Il cardinale Zuppi contro i bonus: "Serve lavoro"

L’affondo dell’arcivescovo di Bologna: meno sussidi e più posti, ma non precari. "L’assistenzialismo può diventare patologico"

Il cardinale Matteo Zuppi, 65 anni, in visita alla Lamborghini nello scorso giugno

Il cardinale Matteo Zuppi, 65 anni, in visita alla Lamborghini nello scorso giugno

Meno sussidi e più occupazione. È un affondo duro quello del cardinale arcivescovo di Bologna Matteo Zuppi che, intervenuto in un convegno su come sarà il lavoro superata la pandemia, ha spiegato come futuro e assistenzialismo stiano su due direzioni diverse, quasi opposte. "I bonus hanno avuto un ruolo importantissimo – sono le parole dell’arcivescovo di Bologna – ma sono sempre un rimedio e mai la soluzione.

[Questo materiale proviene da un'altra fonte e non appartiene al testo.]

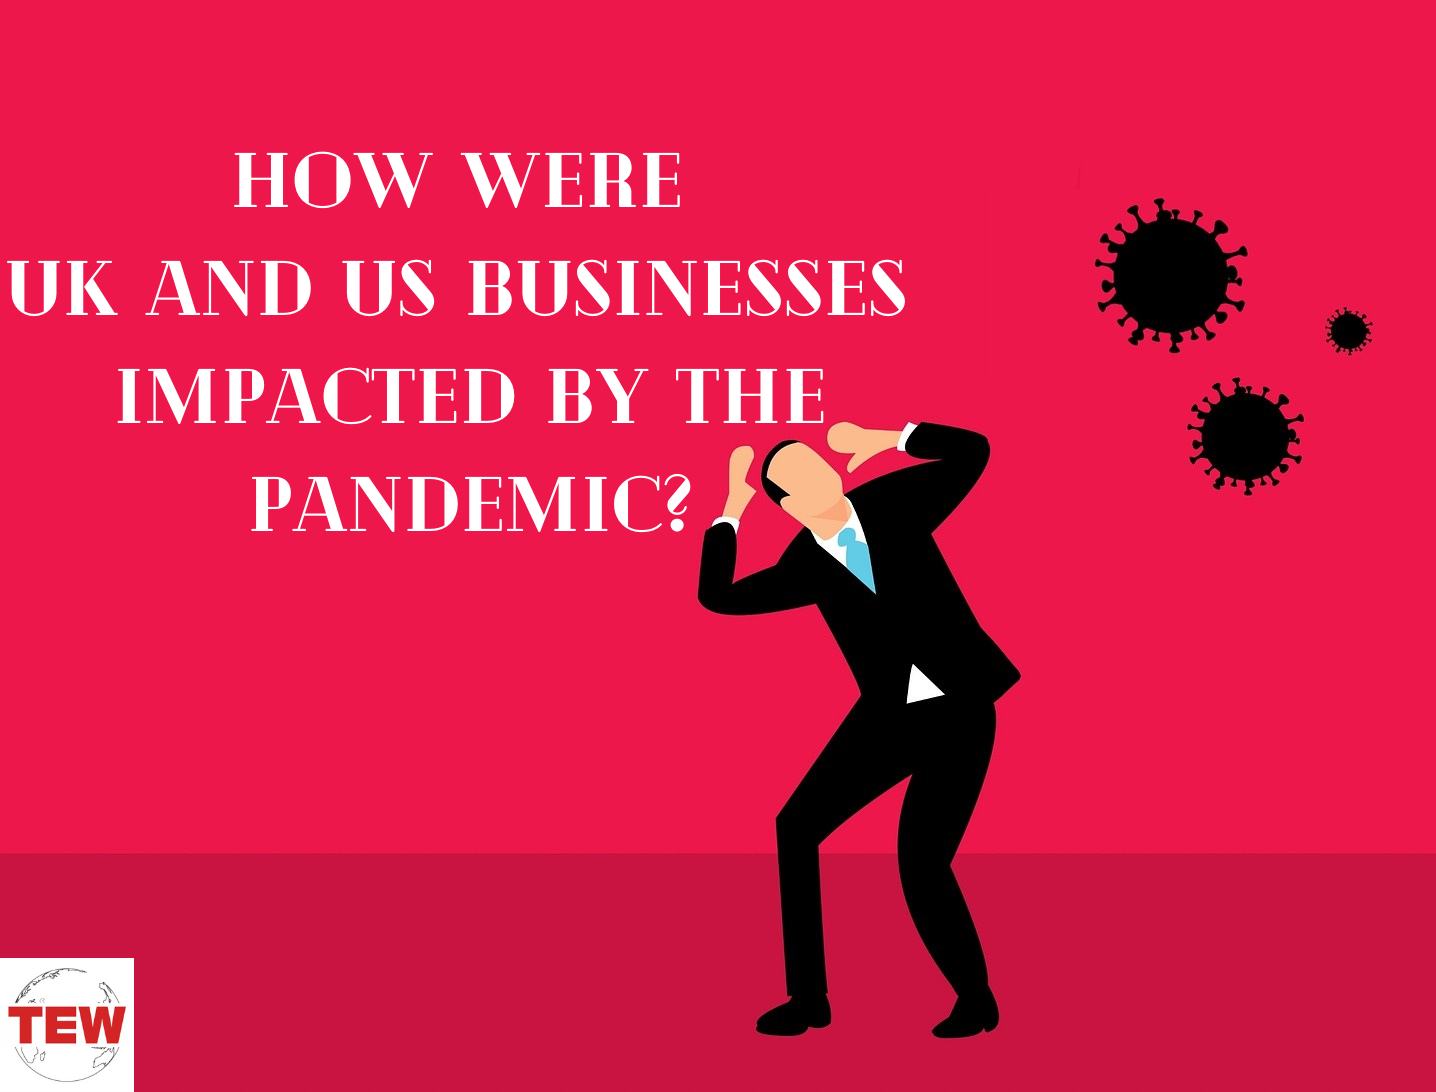 How Were UK and US Businesses Impacted by the Pandemic?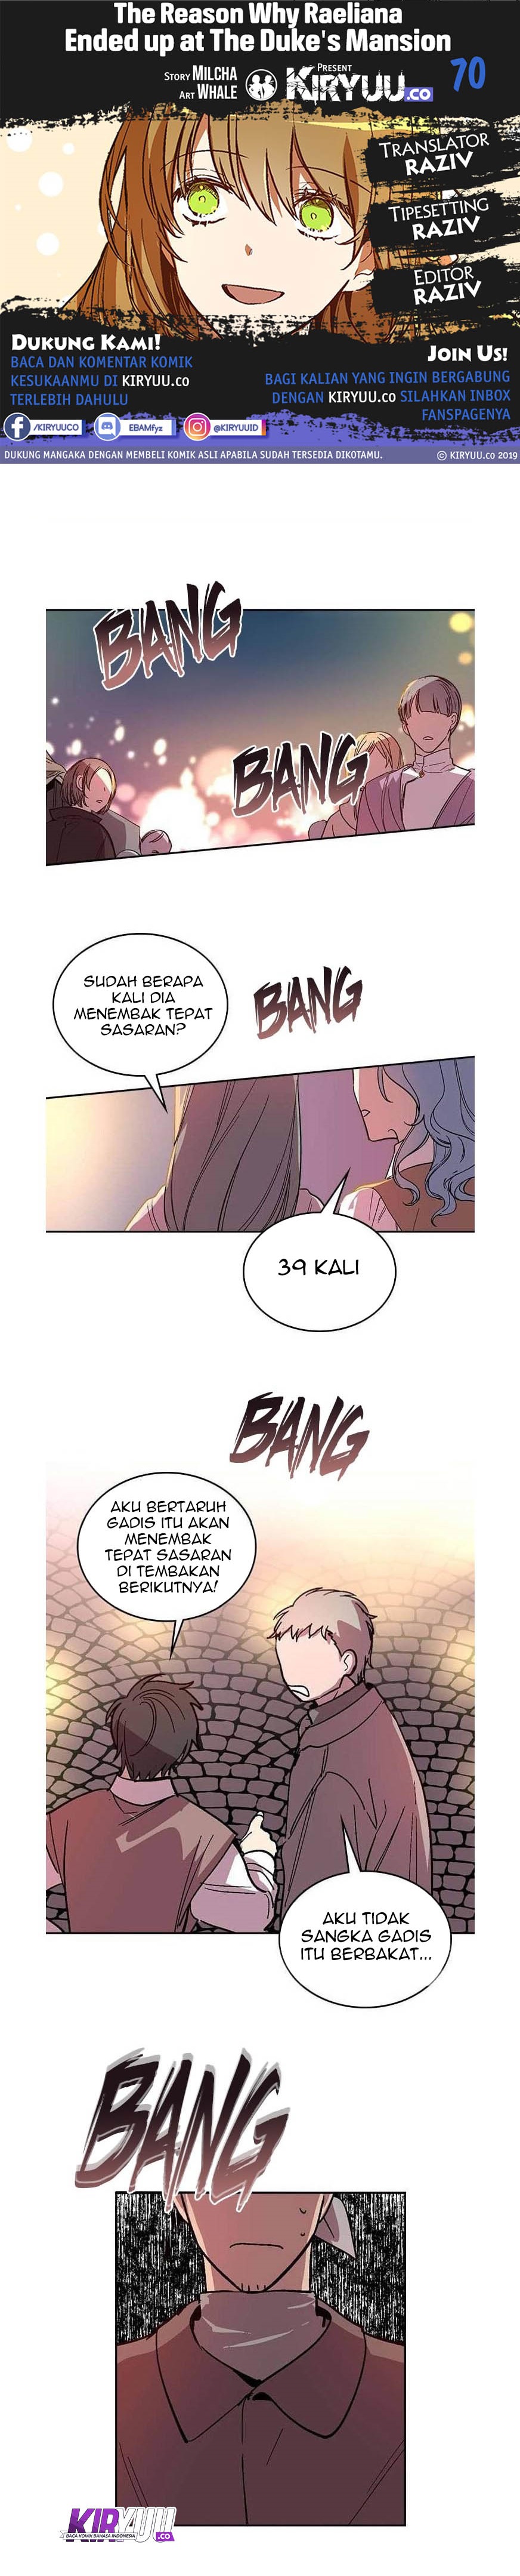 The Reason Why Raeliana Ended up at the Duke’s Mansion Chapter 70

Quando diventano la soluzione dobbiamo preoccuparci perché c’è sempre il rischio che si entri nella logica dell’attesa e dell’approfittare e, quindi, in una fase patologica. Ogni giorno sentiamo dire che la pandemia lascerà tante macerie e questo non è bello, ma sarà anche una opportunità perché dovremo ricostruire e quindi ci sarà tanta occupazione. Non possiamo, però, ricostruire senza cambiare alcuni stili di vita, e tra questi c’è anche quello dell’aspettare un bonus".

Un pensiero che trova un senso pratico in quello che la diocesi di Bologna sta facendo da anni. Zuppi ha cercato di sostituire la filosofia del sacco con cui le caritas parrocchiali aiutano gli indigenti con "Insieme per Lavoro", un progetto che, in collaborazione con le altre istituzioni, cerca di reinserire nel circuito del lavoro chi ha perso la propria occupazione attraverso la formazione e la riqualificazione professionale.

"Il bonus rischia di essere un assistenzialismo di Stato – prosegue il cardinale –, ma papa Francesco nella ’Fratelli tutti’ ci dice che aiutare i poveri con il denaro deve essere un rimedio provvisorio e che il problema deve essere risolto con il lavoro, perché non c’è peggiore povertà di chi non ha una occupazione. E il lavoro deve essere vero e non quel precariato che viene giustificato come mobilità del lavoro e che, invece, è un altro dramma perché produce solo incertezza nel futuro".

La Chiesa bolognese è anche proprietaria di una multinazionale, la Faac, la cui gestione è affidata a un trust totalmente indipendente dall’arcivescovo che, però, ne utilizza i dividendi per finanziare iniziative contro la povertà. "Spesso abbiamo confuso gli speculatori con gli imprenditori – conclude il porporato –, ma l’imprenditore vero è colui che non si accontenta dell’esistente e mette a profitto i talenti che ha ricevuto per dare lavoro agli altri. Una ricchezza senza etica si ritorce contro chi pensa solo a coltivarla, mentre il nuovo imprenditore deve essere un soggetto capace di dare risposte riparando quell’ascensore sociale che in questi ha viaggiato solo verso il basso non riuscendo a risalire verso l’alto".

Tra le iniziative sostenute dalla diocesi guidata da Zuppi vi è anche un fondo destinato alle microaziende bolognesi che faranno lo sforzo di non licenziare i propri dipendenti nonostante i mancati guadagni.